Jeff Jernigan, a staff attorney for the PSC, said that the Arizona defendants were offering a service where people could consolidate debt. In one case, a consumer accepted the offer, was charged about $800 and received only two compact discs in the mail.

Mississippi commissioners used the vote to continue their tough talk against telemarketers.

"I want you to do whatever we have to do," said Southern District Commissioner Leonard Bentz, a Republican. "Take their kids if we have to. They need to go to jail."

There's no jail time associated with the PSC's action, though, because it's leveling a civil penalty, not a criminal one. Jernigan said defendants do own some land near Tucson that could be worth hundreds of thousands of dollars.

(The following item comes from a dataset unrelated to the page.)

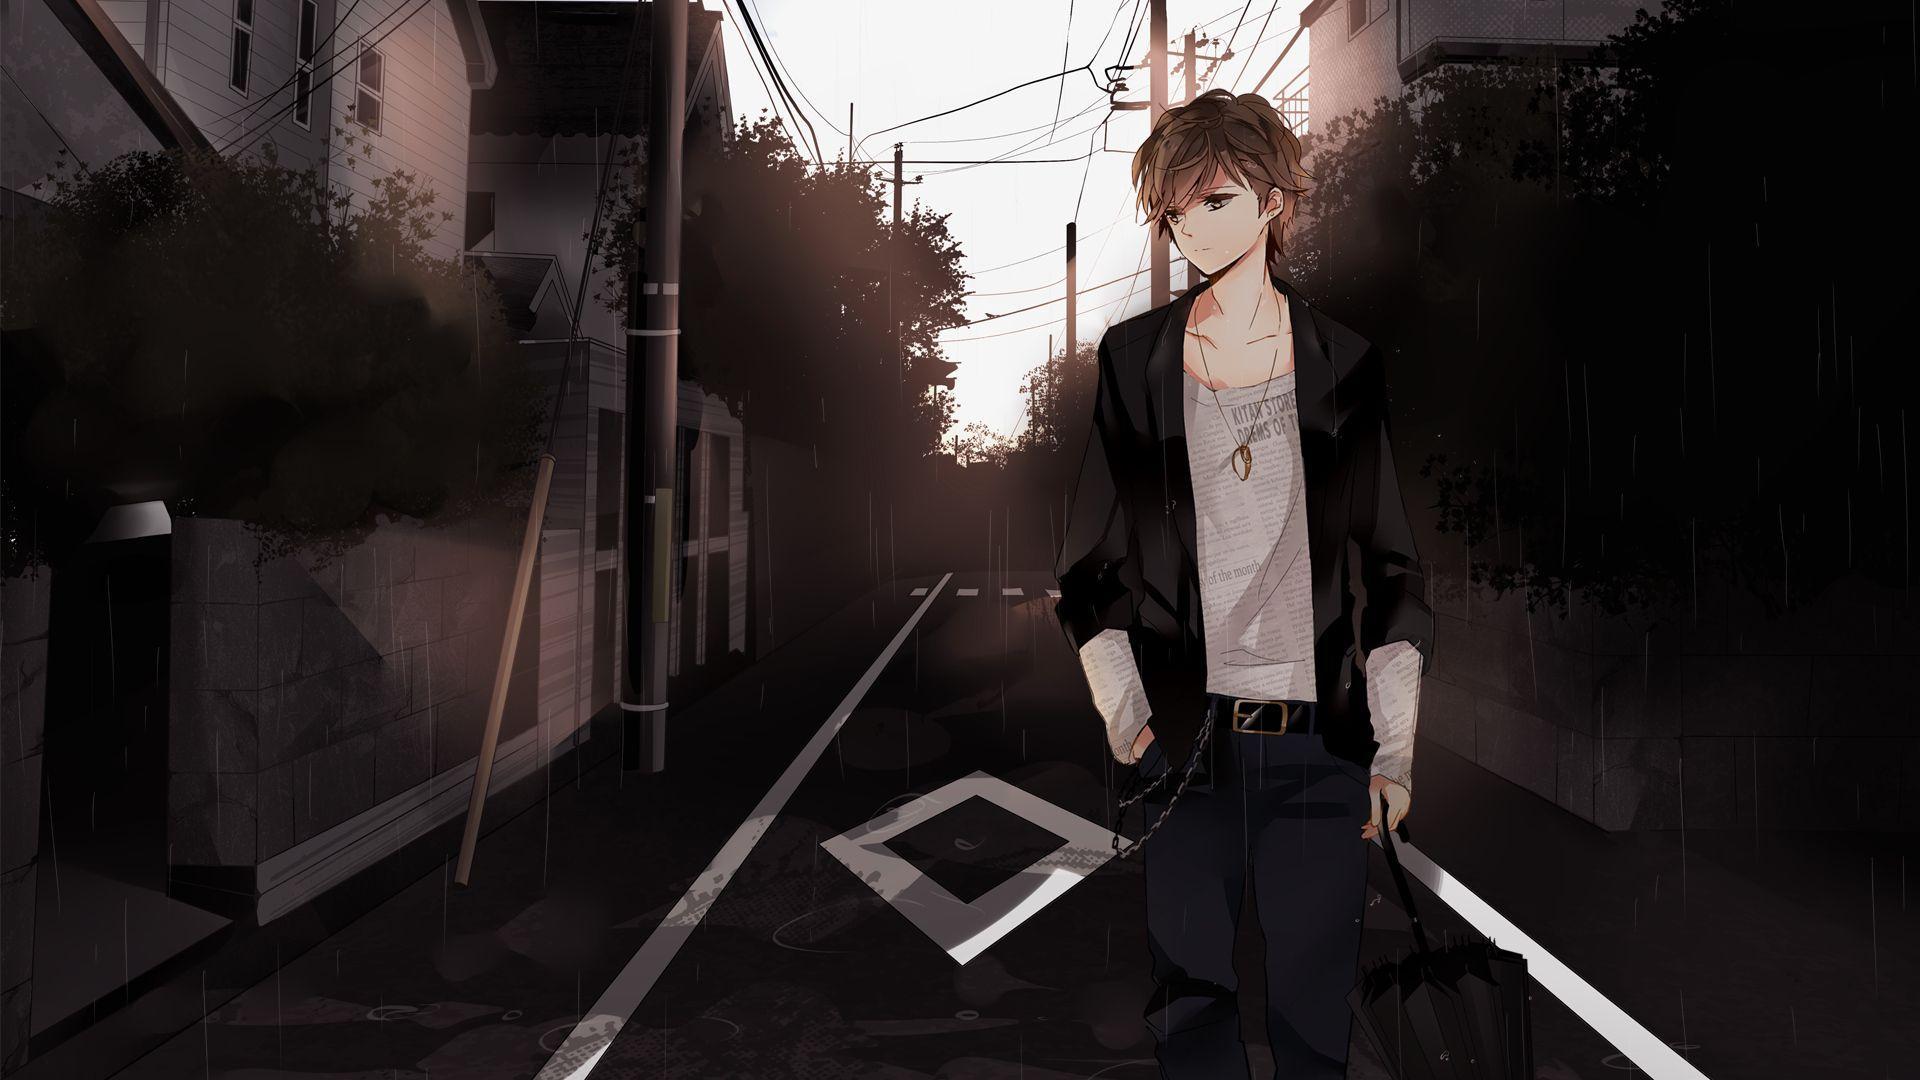 sad anime boy wallpapers

Northern District Commissioner Brandon Presley, a Democrat, urged Jernigan to turn the case over for criminal prosecution.

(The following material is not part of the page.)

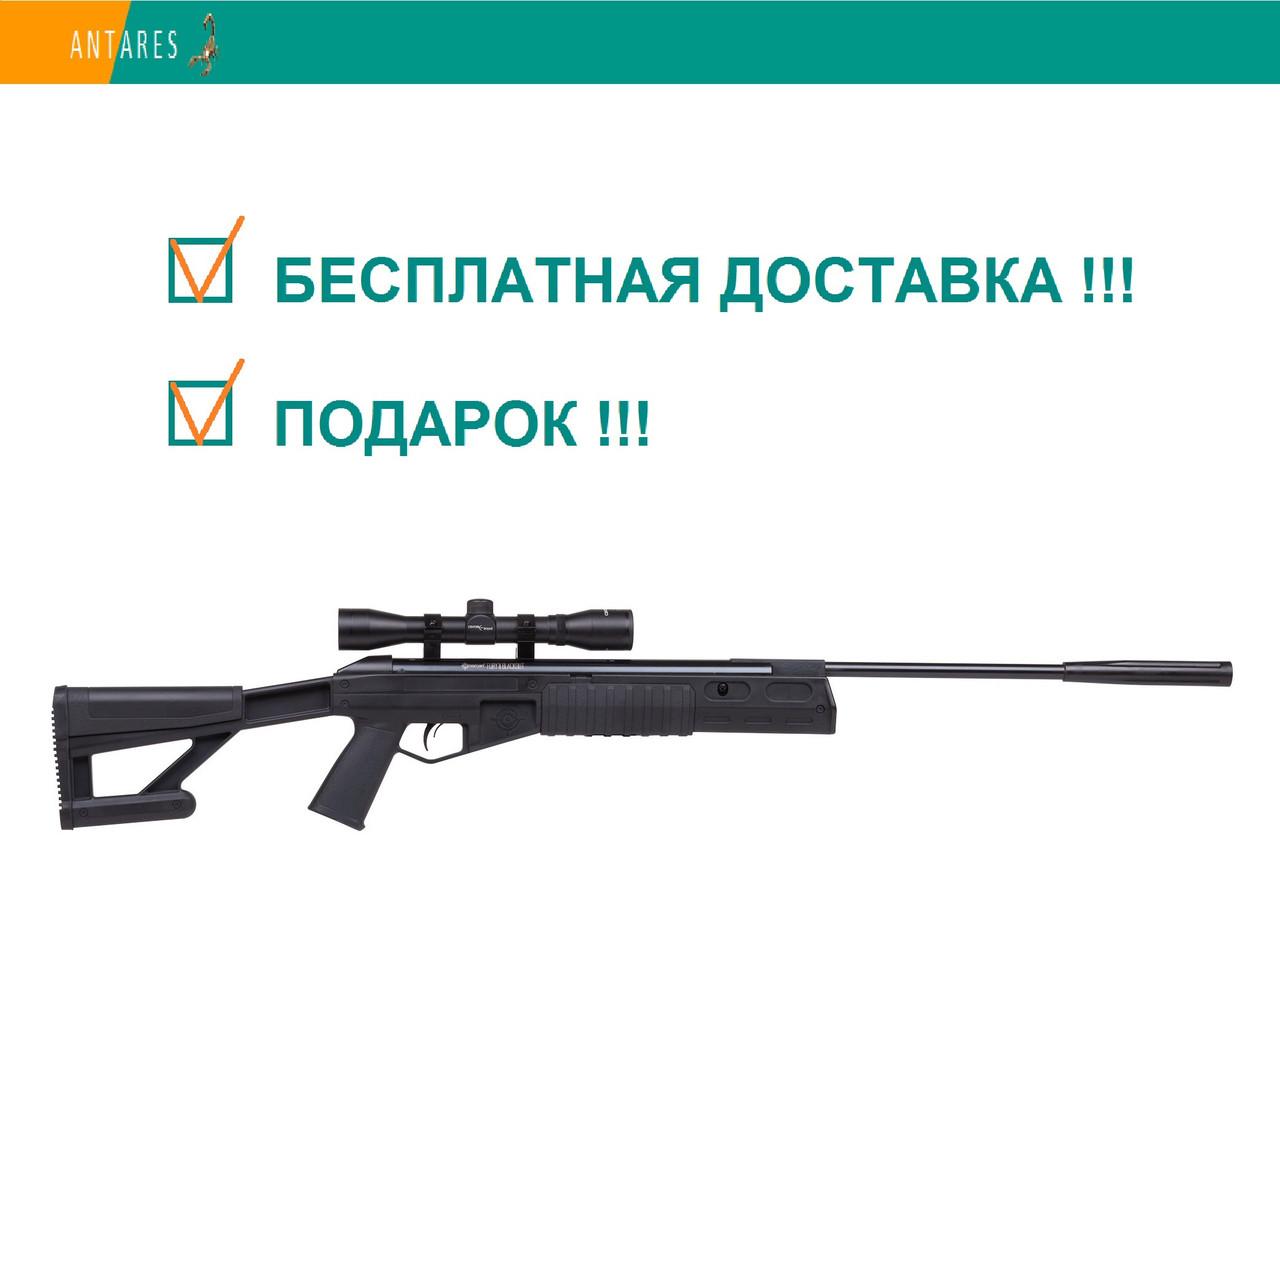 Пневматическая винтовка Crosman Fury II Blackout RM с оптическим прицелом 4x32 перелом ствола 305 м/с

"I'd just ask you to share our case file with the attorney general's office and the Federal Trade Commission," Presley said.

Jernigan said Indiana authorities have also investigated the current situation.

For Miller, it's at least the third scrape with regulators over telemarketing violations. In 2004, the Federal Trade Commission ordered Miller and others to stop marketing a $399 service to protect financial information from unscrupulous telemarketers.

The FTC said Miller, Mike Stafford and a company they controlled called Vector Direct Marketing told consumers that information including their Social Security and bank account numbers was for sale on telemarketing lists. The defendants allegedly told consumers that a $399 call screening device could help them avoid becoming victims of identity theft, the federal regulators said. But most consumers received little more than a $34.95 call-screening device that they could have bought at many stores.

The FTC ordered the defendants in that case to make restitution of $811,000, but suspended the penalty citing inability to pay. FTC spokesman Mitchell Katz said Tuesday that if it is determined that Miller misrepresented her financial condition, the federal government could still seek the money.

In 2010, the West Virginia attorney general sued Miller, Holley and Allied Corporate Connection, saying the company was offering "dubious" debt reduction services similar to those that regulators say they were offering in Mississippi. The defendants settled in March 2011, agreeing to refund $29,000 to customers there, according to West Virginia officials.